Figure 1. Analyzing an Internet Cache Buffer. Click here.

It's now clear you need to allocate a buffer by declaring a byte array. How large should the buffer be? If the Internet Explorer 3 (IE3) version of WinInet is installed, the answer is easy: Any size other than MAX_CACHE_ENTRY_INFO_SIZE (4K) causes the enumeration to fail. The IE4 and later versions of WinInet are more flexible, and return ERROR_INSUFFICIENT_BUFFER in Err.LastDllError if the buffer isn't big enough. It's best to play it safe and assume IE3 is installed. Declare the second parameter to FindFirstUrlCacheEntry (lpFirstCacheEntryInfo) with As Any, and pass the first element of the buffer to begin the enumeration (see Listing 1).

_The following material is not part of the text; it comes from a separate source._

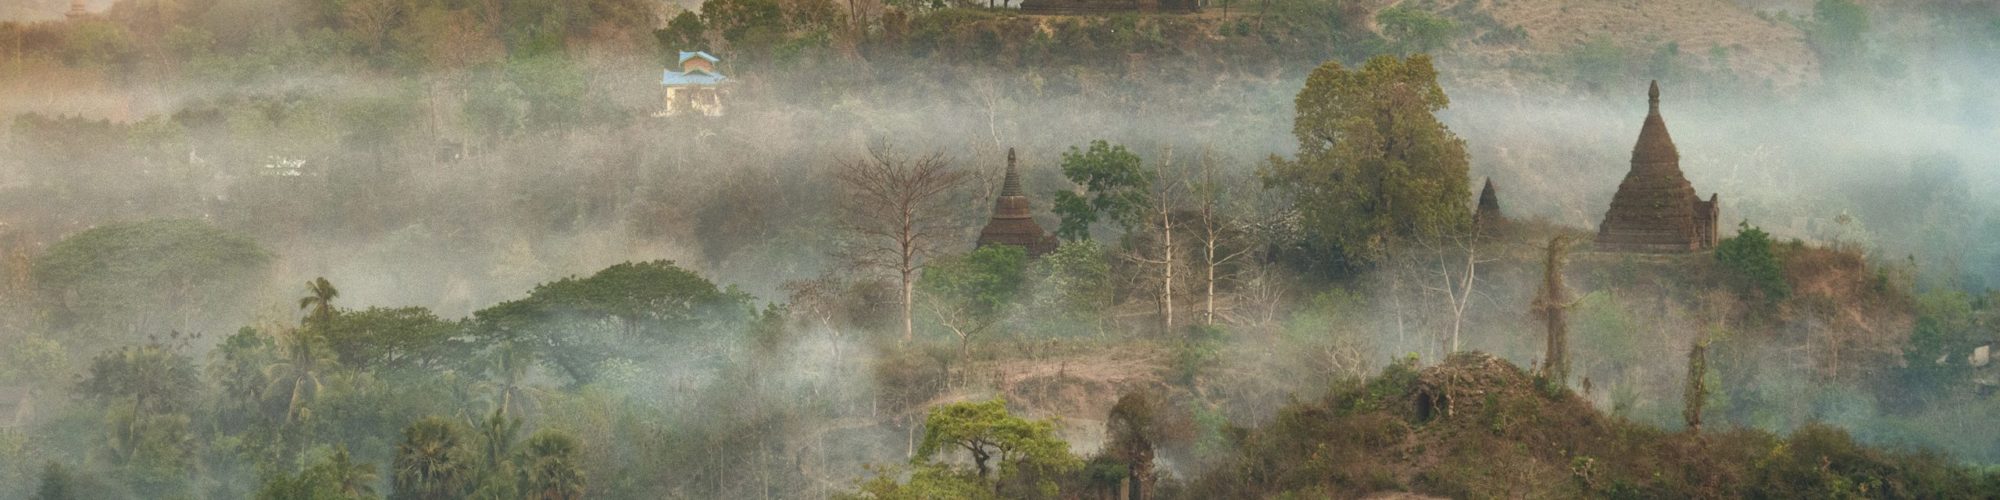 Mrauk U travel agents packages deals

Use the handle returned from FindFirstUrl-CacheEntry with subsequent calls to FindNextUrlCacheEntry. To be efficient, maintain the buffer between calls and resize it as indicated by a failed call. If the failure code is ERROR_NO_MORE_ITEMS, the enumeration is complete.

The fun starts after each successful call. In my tests I chose to pass the entire returned buffer to a specialized routine, DecodeCacheBuffer, that extracts and stores each element in a VB user-defined type (UDT) (see Listing 2). To facilitate extraction, DecodeCacheBuffer first stores the base address of the buffer by assigning the VarPtr of the lower bound of the byte array to a Long variable.

The first element of the LPINTERNET_CACHE_ENTRY_INFO structure, dwStructSize, consists of four bytes that together represent a Long value that tells you the total size of the structure. This value isn't the full buffer size, just the size of the structure that heads up the buffer. I created a PointerToDWord routine that makes short work of extracting this element. The function accepts a pointer—in this case, the previously cached base address—and returns the four bytes at that address as a Long integer. Subsequent DWORD structure elements are handled identically.

The second element of the structure, lpszSourceUrlName, consists of four bytes that form a memory address of—that is, a pointer to—a variable-length string. As it happens, this string immediately follows the structure within your buffer (see Figure 1). Retrieve this address by passing the buffer's base address plus an offset—four in this case, because this element begins on the fifth byte of the buffer—to PointerToDWord.

Extract the actual string data by passing the extracted string pointer to my Point-erToStringA function (see Listing 2). At this point, you won't know how long the string is. The PointerToStringA function passes the extracted pointer to the lstrlenA API, which scans ahead in memory, searching for a terminating null character. (Many non-Basic languages mark the end of a string with what Basic programmers know as Chr$(0). This is the style employed by nearly every Windows API for variable-length strings.)

The lstrlenA function returns the number of bytes found between the passed pointer address and the first null character the function encounters. Allocate another byte array with at least this number of bytes. Call CopyMemory again to sling the lstrlenA returned number of bytes from the pointer address to the first element of your new byte array. Because you initially called the ANSI version of the WinInet cache function(s), you must finally pass the byte array through StrConv before assigning the return value of PointerToStringA.

Handle each subsequent structure element similarly, incrementing the offset within the buffer by the length of each element as you extract it. Another interesting facet of this example: The main structure contains several structures, in addition to the Long and String elements. FILETIME structures consist of two Long elements, or eight bytes total. The strategy you use to extract these substructures is virtually identical to the one used with Long elements, but given the wide array of potential structure sizes and compositions, a generic extraction routine isn't really possible. Instead, just call CopyMemory, passing the substructure address as the destination, the base address plus offset as the source, and the substructure length as the number of bytes to copy. Make sure you increment your offset by the full structure length when you move on.

Addressing Unicode Issues
So far so good. But what do you do if the API is Unicode-only, such as the many useful Net* functions available in NT? You do pretty much the same thing. The only significant difference is how you handle the string data. VB string variables are stored in Unicode, and the previous example had to force conversion from ANSI to avoid garbling the string data.

If you have a pointer to Unicode string data, pass it to my PointerToStringW function (see Listing 3). (I've followed the same naming convention as in Windows itself—a trailing A or W—to differentiate these two extraction routines.) Poin-terToStringW in turn passes the pointer to lstrlenW to retrieve the number of characters in the string. This extraction function allocates a byte array twice this large, then copies twice the number of bytes as returned by lstrlenW from the pointer address to the buffer.

After it copies the Unicode string data, PointerToStringW assigns the byte array directly to its return value. No conversion is needed because at this point, the buffer already contains VB's native string format (see Listing 3).